One possible concern is that the set of variables included may have been intentionally selected to support certain hypotheses, or may simply be a lucky combination. I address these concerns about model uncertainty by running a Bayesian model averaging (BMA), a technique used for example in Warren (2014) and Ward & Beger (2017). The outcomes of the BMA are reported in Online appendix A.4 and strongly support the results.
Conclusion
Policymakers and students of international relations have long sought to anticipate and prevent the onset of conflict. Yet results presented here suggest that even those who have a financial interest in their accurate prediction have been rather unsuccessful. This does not imply that contemporaries are oblivious to the escalation of tensions (Chadefaux, 2014), but that they do tend to underestimate the risk of war.
Yet this seemingly damning result may in fact not be an indictment of markets’ forecasting ability. Rather, because conflicts that are anticipated well ahead may be more likely to be avoided, only the difficult cases are left in the sample. The apparent recurrent failure to estimate the risk of war may in that sense simply be a selection effect. If policymakers incorporate some of the available information – including lessons from the past and forecasts given available data – then their behavior will be constantly adapting to new information. As a result, markets may always be one step behind and will tend to be taken by surprise by policymakers’ decisions. The fact that wars are, on average, just as surprising today as they were in 1816 further supports this idea of a selection process, by which only the wars that are the most difficult to predict occur. As a corollary, countries with more transparent and possibly reactive regimes such as democracies should be better at incorporating new information, and hence predicting their behavior should actually be more difficult – a hypothesis for which I found strong support here.
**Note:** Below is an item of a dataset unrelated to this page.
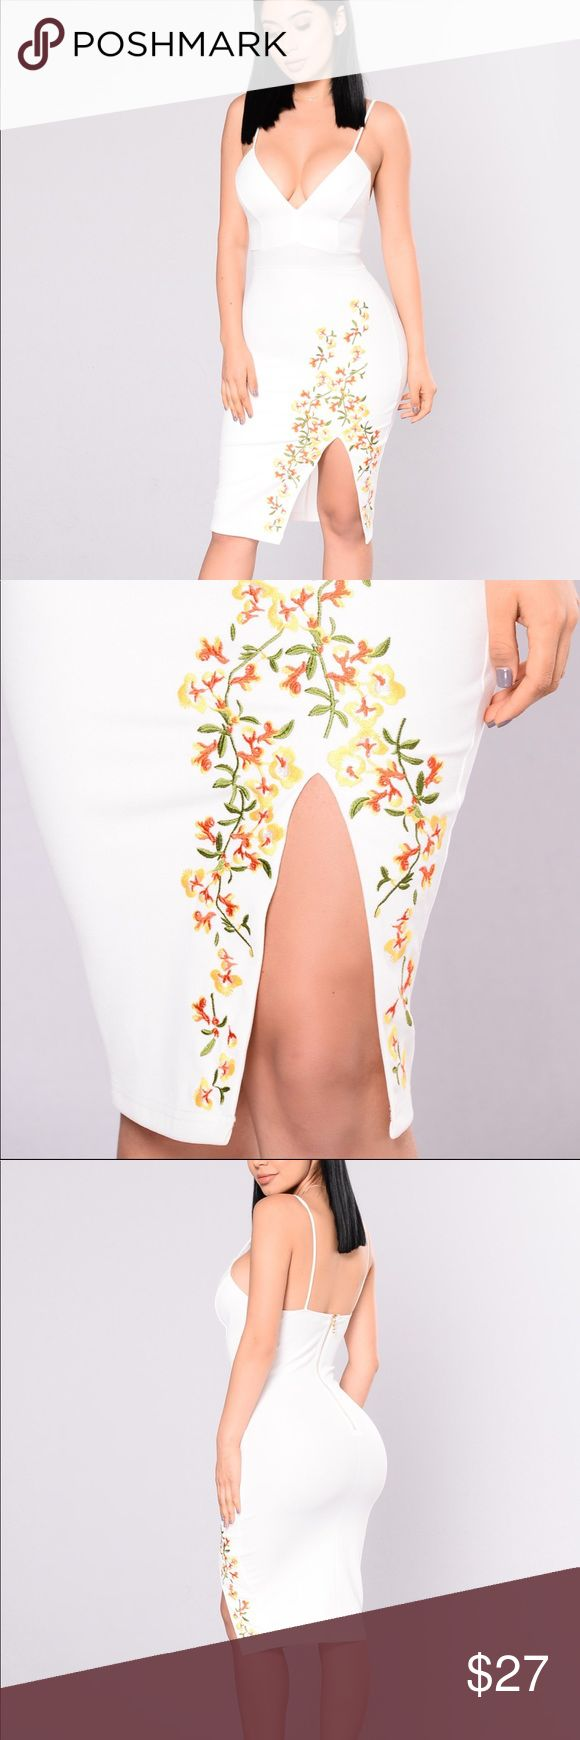 ✨Preblack frieday sales✨Cute dress Are taking any offers (no trades) Fashion Nova Dresses Midi

These findings may also suggest a ‘policy efficiency’ hypothesis. If the evidence for market efficiency is the quasi-impossibility to predict future changes in asset prices based on current patterns, then the constant inability of markets to correctly assess the risks of war may also mean that policymakers incorporate existing information rapidly into their decisions, and hence that policy in that sense is ‘efficient’. Additional work on how leaders incorporate new information and forecasts into their decisions may lead to further insights on this subject.
Wars are, at least in part, failures of predictions. They often occur when their participants fail to predict the consequences of their actions. Far from being a depressing diagnostic, then, these results show the importance of prediction as one possible instrument of conflict prevention, and the role of scholars in bridging the gap between basic and applied research.